Nonsurgical candidates

●For patients with local failure but no nodal involvement and impaired pulmonary function or medical comorbidity that precludes surgical resection and for those who refuse surgery, we recommend treatment with SBRT rather than conventionally fractionated, definitive RT, if appropriate technical expertise is available (Grade 1B). Other ablative techniques (eg, radiofrequency ablation, cryoablation) are experimental but may be an alternative where expertise is available. (See "Stereotactic body radiation therapy for lung tumors", section on 'Primary NSCLC' and "Image-guided ablation of lung tumors".)

●For patients with nodal spread who are not surgical candidates, we recommend definitive, standard-fractionation RT (Grade 1B). (See 'Nonsurgical candidates' above.)

Adjuvant therapy

●We recommend adjuvant chemotherapy with a cisplatin-based doublet after complete resection of stage II NSCLC (Grade 1A). (See "Systemic therapy in resectable non-small cell lung cancer".)

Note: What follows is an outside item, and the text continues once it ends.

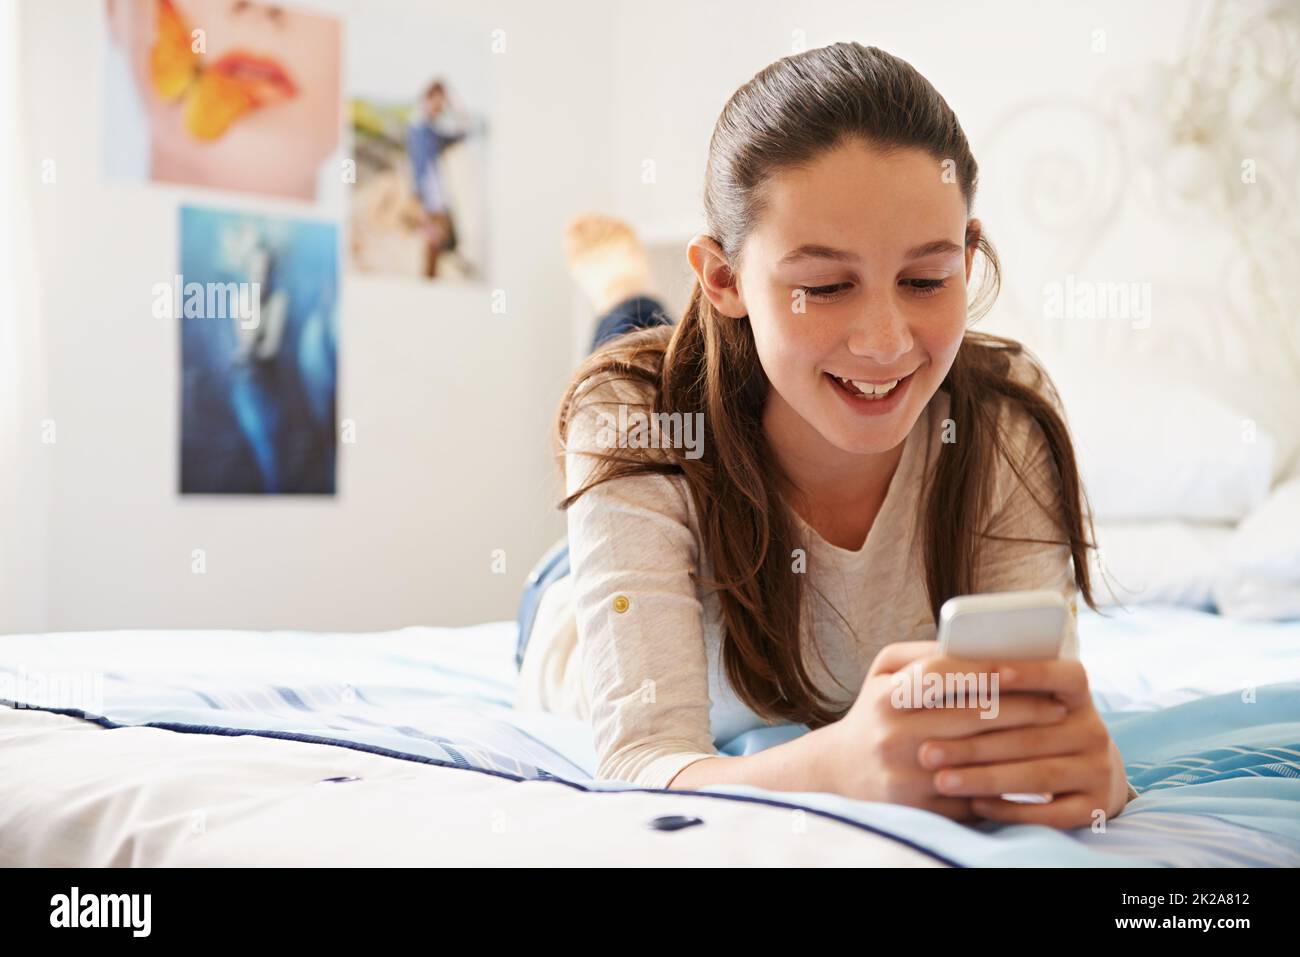 Planen Sie etwas großes. Aufnahme eines Teenagers, das auf ihrem Bett liegt und auf ihrem Telefon SMS schreibt. Stockfoto

●For patients with stage IB NSCLC with high-risk features, we offer adjuvant chemotherapy with a platinum-based doublet. The evidence from individual trials supporting the use of adjuvant therapy is conflicting, although a meta-analysis provides additional support for this approach. (See "Systemic therapy in resectable non-small cell lung cancer".)

●We recommend not administering adjuvant chemotherapy following resection of stage IA disease, except in the context of a properly-designed clinical trial (Grade 1A). (See 'Systemic therapy' above.)

●The use of adjuvant osimertinib in patients with epidermal growth factor receptor (EGFR)-mutant NSCLC is discussed elsewhere. (See "Systemic therapy in resectable non-small cell lung cancer", section on 'EGFR-mutated cancers'.)

●We recommend not giving adjuvant RT following complete resection of stage I and II NSCLC with negative resection margins (Grade 1B). (See 'Postoperative RT' above.)

●We recommend postoperative RT for patients with positive surgical resection margins (Grade 1B). (See 'Postoperative RT' above and "Management of stage III non-small cell lung cancer", section on 'Adjuvant postoperative RT'.)

Surveillance — After the initial treatment, we suggest a history, physical examination, and periodic chest computed tomography (CT) imaging (Grade 2C). The frequency of chest CT imaging may vary depending upon the risk of recurrence. (See 'Post-therapy surveillance' above.)